Guide to Residential Tenancy Law in the Philippines
Buying a house or an apartment, renting a condo in the Philippines is pretty much the same except for the legalities of course. To a hopeful tenant, renting condominiums is the same with renting an apartment, however, this is not the same. Unlike apartments, condominiums have a homeowner’s association, whereby owners have a say on the different changes within the entire condominium complex, so if you are just a tenant, you do not get to say a thing.
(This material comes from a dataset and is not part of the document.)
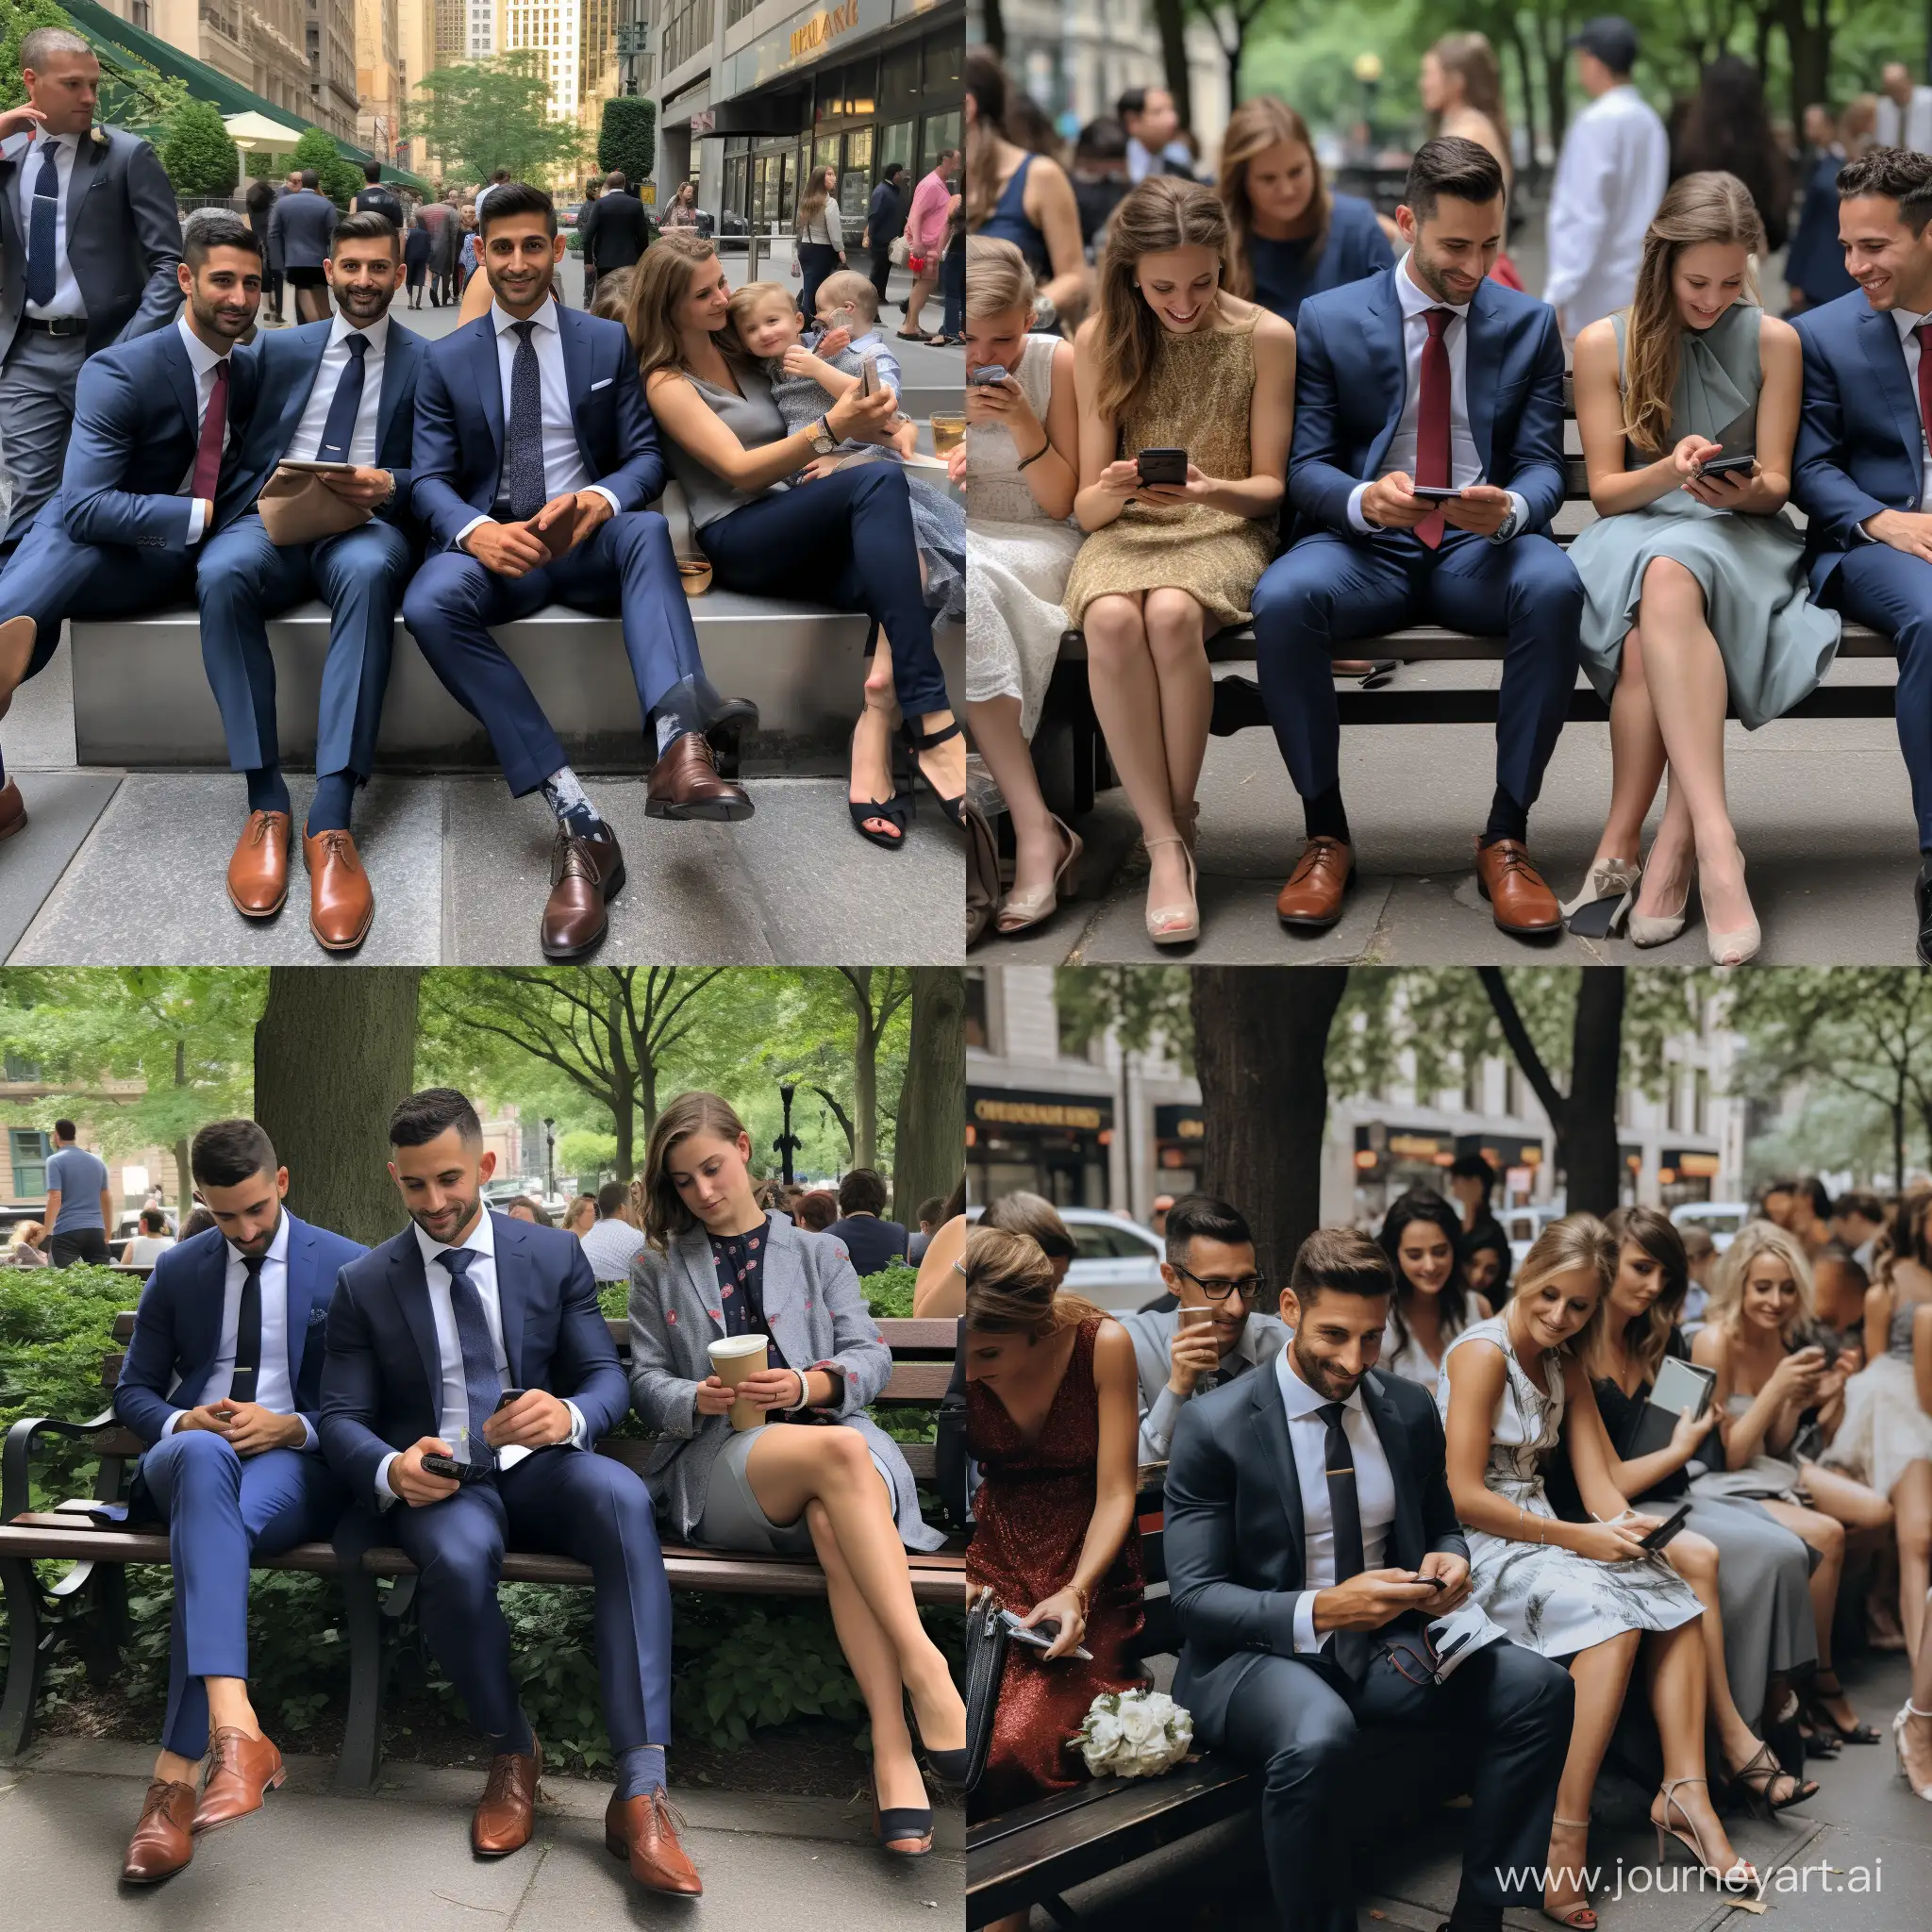 
phone photo of a man sitting on a bench with his family at a wedding in New York posted to reddit in 2019 --style raw

Renting out a condo unit requires careful understanding of the lease, the condominium house rules, and even the overall tenancy act of the Philippines.
To know more about your rental rights and where you, a tenant, stand in the court of law, here’s a renter’s guide to help you better understand the Philippine rental law for residential units before renting a condo in the Philippines.
In the last 5 years, residential tenancy in the Philippines has been under the wings of Republic Act (RA) No. 9653, also known as the Rent Control Act of 2009. Signed on July 14, 2009 by former president Gloria Macapagal-Arroyo, this act intends to establish “reforms in the regulation of rent in certain residential units, providing the mechanisms therefore and for other purposes.”
As the old Rent Control Law RA No. 9341 expired last December 31, 2008, the new law has few provisions highlighting the exclusion of rent-to-own properties under this law. Here are a few reminders under RA 9653:
Annual increase of 7 percent, no more, no less.
This law specifies the annual increase of the rent after December 31, 2013 to be not more than 7 % of the actual rent. In this light, rooms rented out to students can only be increased once a year. Increments done more than 7 percent is considered illegal and may be subject for court action against the lessee. Make sure that you have a copy of the agreement and this new law so you may talk to your landlord about it.
Residential Tenancy Coverage
RA 9653 covers all residential units in the National Capital Region and Metro Manila along with other highly urbanized cities with rent of one peso (P1.00) to ten thousand pesos (P10,000) every month. On the other hand, rented units such as motel rooms, hotel rooms, and even rent-to-own units are not covered. Rent-to-own schemes are not covered nor affected by this law since there will be a transfer of ownership which means it is far from simply renting out a unit.
Leasing or Subleasing
This law clearly points that a tenant is not allowed to sublease the rental unit without the written consent of the unit owner. Everything should be made on paper and not on words alone. If not done properly, this may be grounds for eviction. If you are simply letting a guest or relative stay for the night, you do not need a written consent from your landlord. However, you still need his approval about it.
Grounds for Tenant Eviction
The law also stated that ejection of tenants is prohibited even if the rental unit has already been sold to a third person. It all boils down to the existing lease agreement and if the lease agreement states that the rental should last until December, the new owners should respect the agreement. Other legal reasons for tenant eviction include the tenant’s inability to pay three months of rent, subleasing the rental unit without approval of the landlord, expiration of the lease agreement, repairs and repossessing the property by the owner. Repossession may be made by any immediate member of the lessee’s family, including the spouse, descendants, and others which is related by blood or by affinity.
Renters should pay the rent one-month in advance within the first five days of the month or as stated in the agreement. For the initial payment, the lessor is allowed to demand a one-month advance payment and two months deposit. The deposit may be forfeited to cover damages and repairs in the rented property. Violators of any of the said conditions may face a fine of P25,000 to P50,000, or a one-month up to six months of imprisonment
Accordingly, this law will continue to take effect under the authority of the Housing and Urban Development Coordinating Council and determine the period of regulation and even the rental increases every year.
Getting your condominium is easy as long as you abide by the rules. Check the condominium building, reevaluate the lease, ask about the parking conditions, and it is most important to have a copy of the signed lease agreement and the condo rules and regulations. Ask the landlord about the maintenance fees, the amenities, because violating a leasing agreement may affect your overall standing as a renter. Clarify other inconsistencies to the condo house rules and to the philippine rental law for residential renters before signing the lease. You may think it as a tedious task but in the end, this will leave your entire residential tenancy experience a whole lot lighter.